Knowledge graphs within everyone’s means
Maria Angela Pellegrino
Dipartimento di Informatica, Università degli Studi di Salerno, Fisciano (SA) ITALY


                                      Abstract
                                      A Knowledge Graph is a useful means for empowering users in actively exploring data of interest and
                                      manage acquired knowledge. However, its most common query language, SPARQL, proves to be too
                                      complex for lay users. Thus, the proposal of tools and interfaces to unlock their potentialities while
                                      masking underlying complexity in querying mechanisms is required. My Ph.D. research is situated
                                      exactly in this context and aims to scaffold end-users in taking advantage of Knowledge Graphs.

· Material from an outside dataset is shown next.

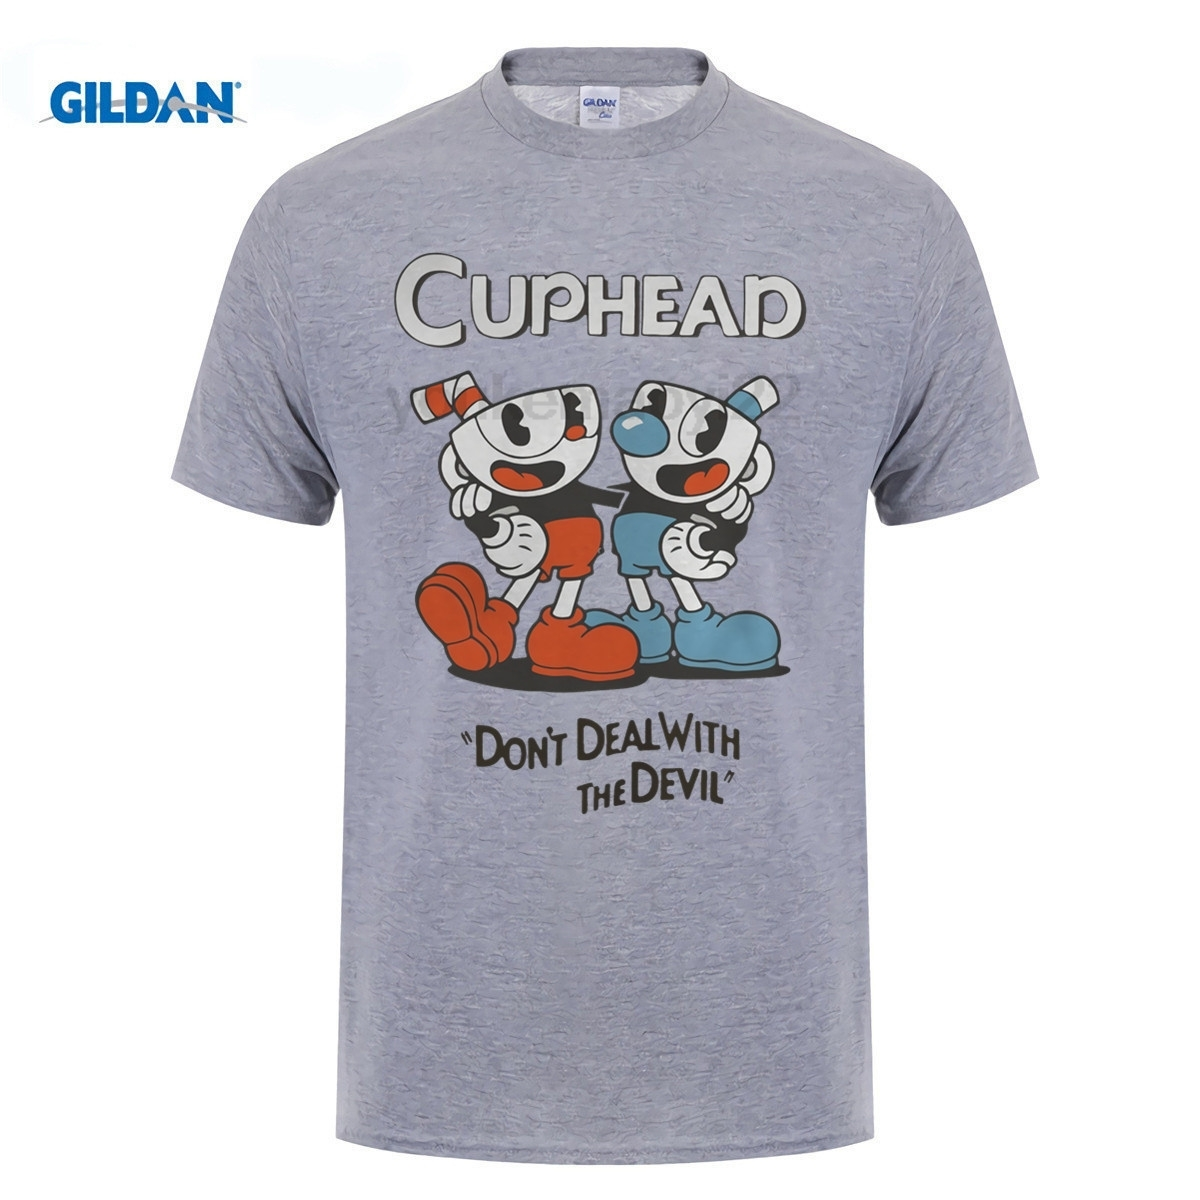 GILDAN Cuphead don't deal with the devil shirtsweatshirttank top Hip-Hop T-Shirt Short Sleeve Asian Size Mens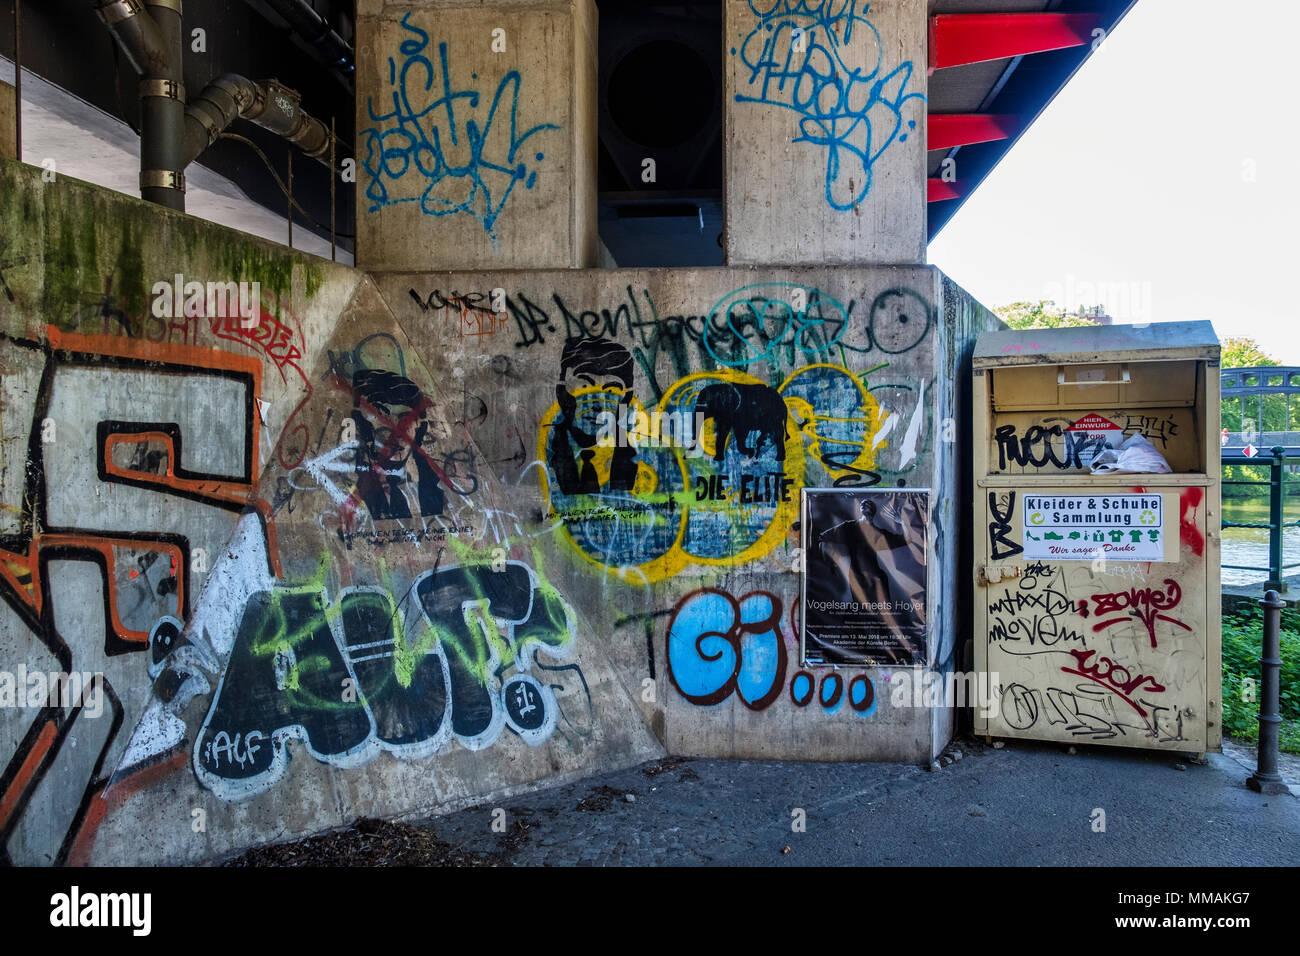 Berlin Mitte. Street art and graffiti under S-bahn railway bridge across Spree River. - Stock Image

                                      Keywords
                                      Semantic Web, Knowledge management, Information retrieval, Data exploitation, Query builder


1. Introduction
The term Knowledge Graph (KG) has been recently used by the Semantic Web community to
refer to any graph-based knowledge representation [1]. KGs, through a Semantic Web lens,
allow for agile navigation of arbitrary entities thanks to defined links [1]. Thus, they are also
referred to as Linked (Open) Data (LD or LOD)). Over the past decades, hundreds of datasets
have been published using the Semantic Web standards covering any topical domain [2]. The
LOD Cloud [3] (a KG that collects most of the published KGs) counted 12 datasets in 2007 and
currently contains 1,239 datasets. Some of these KGs are proprietary, maintained internally by
companies such as Google, Microsoft, Apple; while others, like DBpedia [4] and Wikidata [5],
are openly available and maintained by dedicated communities. The central idea of LD is that
data publishers support applications in discovering and integrating data by complying with a set
of best practices in the areas of linking, vocabulary usage, and metadata provision [2]. Because
of the extensive range of heterogeneous information stored in KGs, for their easy navigation,
thanks to their quantitative and qualitative properties, they could behave as a critical resource
for information retrieval (IR) and knowledge management (KM).
   The exploitation of KG is mainly affected by i) required technical skills in query languages (e.g.,
SPARQL) and in understanding the semantics of the supported operators [6], too challenging
for lay users, and ii) conceptualization issues to understand how data are modelled [6, 7].
   These drawbacks have led to the development of tools and interfaces to support users in
interacting with KGs by implicitly composing queries while hiding the underlying complexity.
   My research is situated in this context and aims to propose approaches and prototyping
tools to express users’ needs or explore available data by a Natural Language (NL) interface to
guide end-users (with different interests, types of background, age, and needs) to query KGs

CHItaly 2021 Joint Proceedings of Interactive Experiences and Doctoral Consortium, July 11–13, 2021, Bolzano, Italy
" mapellegrino@unisa.it (M. A. Pellegrino)
                                    © 2021 Copyright for this paper by its authors. Use permitted under Creative Commons License Attribution 4.0 International (CC BY 4.0).
 CEUR
 Workshop
 Proceedings
               http://ceur-ws.org
               ISSN 1613-0073
                                    CEUR Workshop Proceedings (CEUR-WS.org)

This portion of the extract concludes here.